Fırça, yumuşak olmalı ve dişeti oluğuna girebilmesi için kılları uzun olmalıdır. Kıllar bükülmeye başlayınca, fırça atılmalıdır (ortalama ömrü 2-3 aydır).
Diş macunu
Diş macunlarının yanısıra, toz ya da sıvı biçiminde temizleyiciler de vardır. Biçimi ne olursa olsun, içinde aşındırıcı madde bulunmamalıdır. O halde, ambalajı üstünde bileşimi yazılı olanlar yeğ tutulmalıdır. Öte yandan, bazı macunlar, dişler üstündeki yararlı etkisi bilinen flüor içerirler; özellikle çocuklarda bunların kullanılması yararlıdır.
İpek iplik
Diş aralarının kök sapma yakın bölümlerindeki diş plaklarını ortadan kaldırmakta yararlanılır. Bunun için, yaklaşık 50 sm uzunluğunda bir iplik alınır ve uçları 2 elin orta parmaklarına sarılır. Gerilen iplik, dişler arasına geçirilir. Parmaklar arasındaki aralık 2 sm’yi geçmemelidir. İplik yavaşça dişeti oluğuna sokulur ve her zaman diş çeperine güçlüce sürtülebilecek biçimde örtücü yüze doğru getirilir.
Diş çubuğu
Dişeti oluğundaki taşlan ya da dişler arasındaki mukoza uzantılarının büzüldüğü durumlarda dişlerarası aralıklardaki taşları ortadan kaldırmada kullanılır. Aynı zamanda, dişlerde köprüler ya da derin diş destek dokusu cepleri varsa kullanılması yararlıdır.
DENETİMLER
Dişlerde hiçbir belirti olmasa bile, yılda 2 kez, denetim için dişçiye gitmek alışkanlığı edinilmelidir. Çünkü, başlangıç halindeki bir çürüğü ortaya çıkarabilmenin tek yolu budur. Ağrı ortaya çıktığında, çok geç olmuştur. Bir çürük ne kadar erken ortaya çıkarılıp tedavi edilirse, o kadar az doku hastalanır ve dişleri yitirme olasılığı da o kadar azalır.
FLÜOR
XIX. yüzyıl sonunda ortaya çıkan çeşitli görüşler, 1942 yılında, diş çürükleriyle flüor arasındaki ilişki üstüne yapılan bir araştırmadan sonra, şu sonuca varmayı sağladı: İçme suyunda yaklaşık binde 1 oranında flüor bulunduğundan, diş çürüklerine raslanma sıklığında çok önemli bir düşüş gözlenmektedir.
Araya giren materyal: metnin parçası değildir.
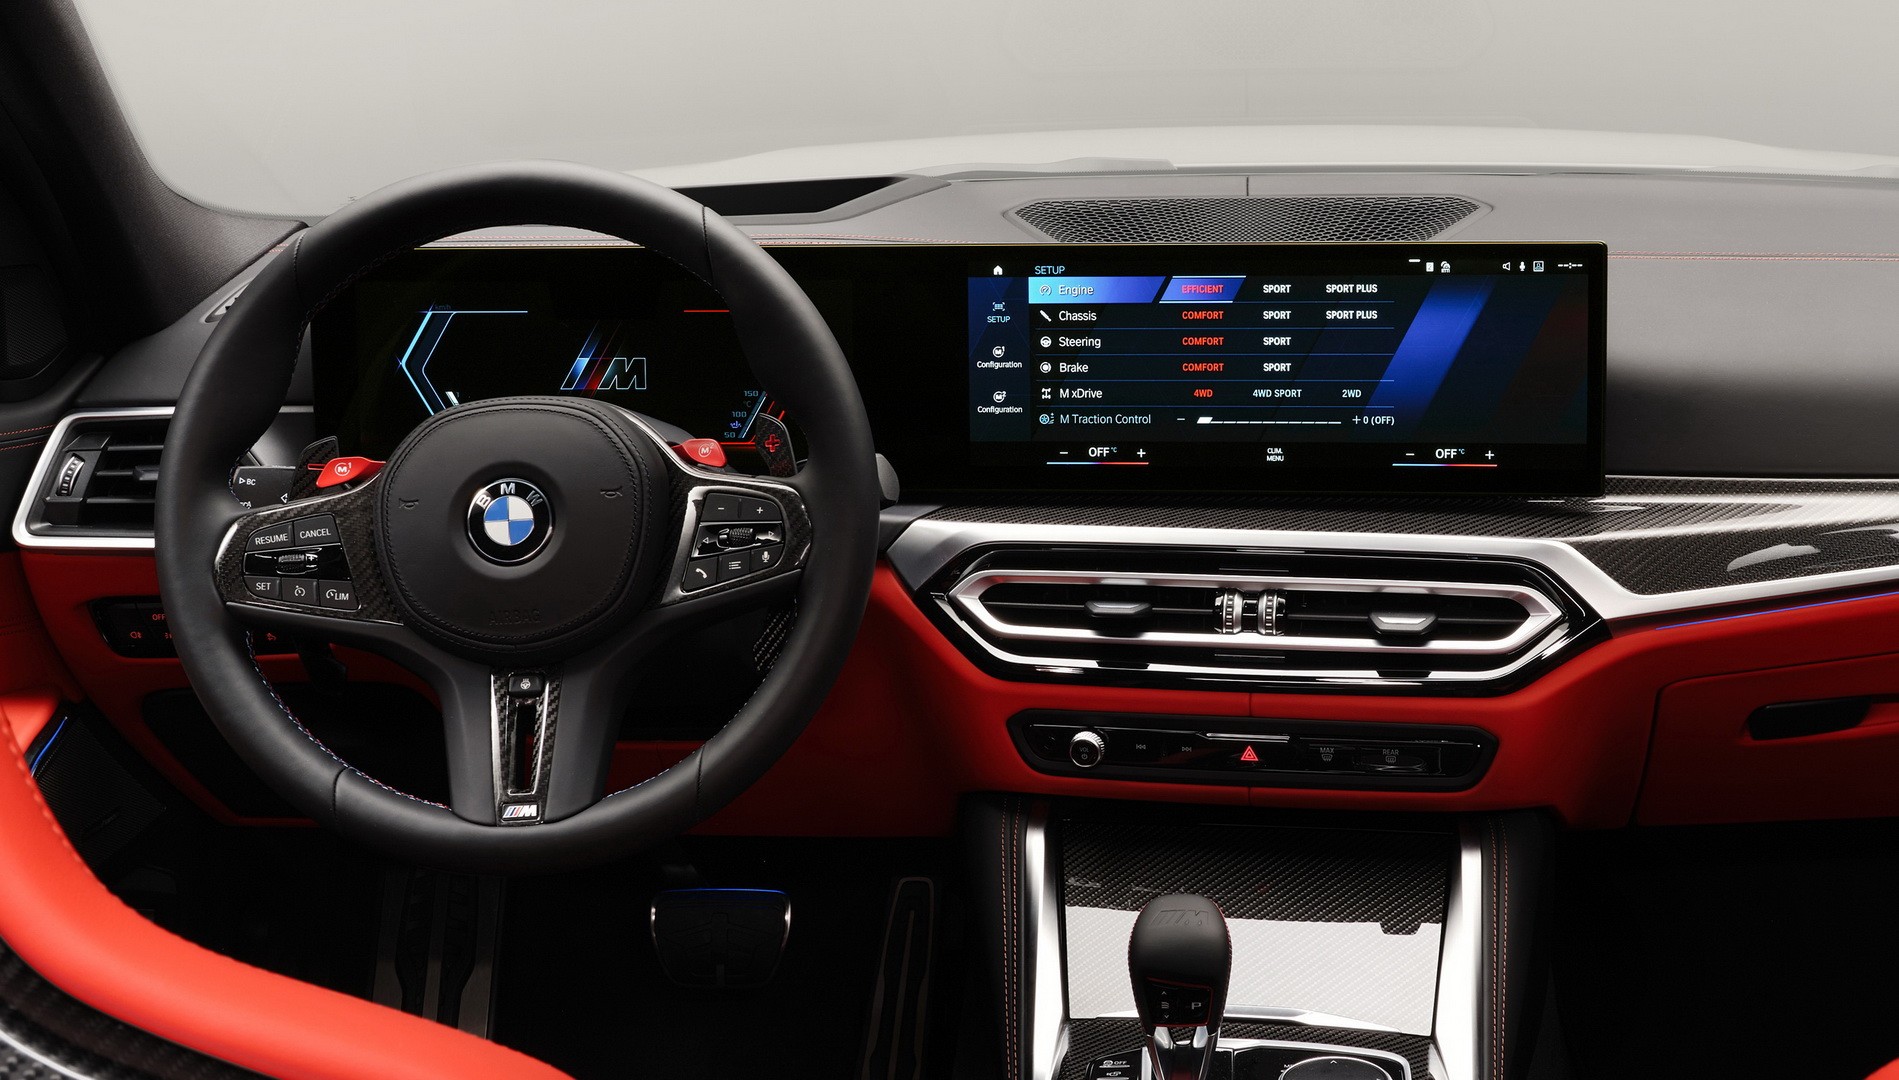 2023 Bmw M3 Lci Interior Revealed Boasts Curved Display And Latest Gen

Önerilen dozlarda, flüor zehirleyici değildir. Buna karşılık, bu maddenin fazlası (önerilen binde 1 oranın 1000 katı) aşağıdaki bozuklara neden olabilir:
— kemik dokusunda ve eklemlerde değişiklikler;
— ciddi süreğen flüor zehirlenmeleri (flüorozlar);
— diş bozunları (düzensiz sınırlı, sarı, mine lekeleri) .
Bununla birlikte, binde l’lik dozda flüor kesinlikle zararsızdır. Bu, suyu doğal olarak flüor bulunduran bölgelerdeki hastalık ve ölüm oranları karşılaştırılarak kanıtlanmıştır. Kalp hastalıkları, alerjiler, bellek bozuklukları, karaciğer, deri, kemikler, eklemler, v.b. üstünde hiçbir etkisi yoktur.
Üstelik, şu hastalıklarda yararlı olduğu kanıtlanmıştır:
— kemik dokusunun kireç yitimi;
— çok sayıda kemik iliği uru bulunması;
— Paget hastalığı.
FLÜORUN ETKİSİ
Flüor, dişi örten mine tabakasının eriyebilirliğini azaltmaktadır. Böylece:
— asitlere direncini artırır;
— bakteri öldürücü bir işlevi vardır-,
— diş minesi düzeyinde yoğunlukları yüksek olan kalsiyum fosfatların billurlaşmasını kolaylaştırır.
FLÜOR VERİLMESİ
Şu dönemlerde verilmesi çok yararlıdır: — dişin taç parçasının oluşması ve mirreralleşmesi döneminde (doğumdan 3-4 yıl sonra);
— dişlerin çıkımından önceki dönemde (sonraki 3-4 yıl);
— dişler çıktıktan sonraki dönemde; bu dönem de bazı düzeylerde (dişlerarası bölgede) yetersiz kalır.
Demek ki çocuklara flüor verilmesi yararlı olur.
Flüorun yerel uygulamayla diş minesi içine yayılmasının en iyi olduğu dönemin, diş minesinin tam olgunlaşmadığı dönemde, yani 30 yaştan önce olduğu unutulmamalıdır.
Flüor şu biçimlerde verilebilir:
— doğal flüorlu su;
— yapay flüorlanmış su (bu yöntemde suların flüorlanması zorunlu ölçümler gerektirir);
— flüorlanmış tuz (İsviçre’de);
— flüorlanmış un (Danimarka ve Hollanda’da);
— flüorlu ilaçlar (komprime ve tabletler, ağız gargaraları, diş macunu).
SONUÇ
Flüor verilmesi, ağız-diş bakımının düzeltilmesi ve besin rejiminin yeniden düzenlenmesiyle (daha âz şeker ve tatlı alınmasına dayanır) birlikte yürütülürse, daha iyi sonuç verir.
Kişisel düzlemde, flüorlu bir diş macunu, bütün önlemlerin başında gelir.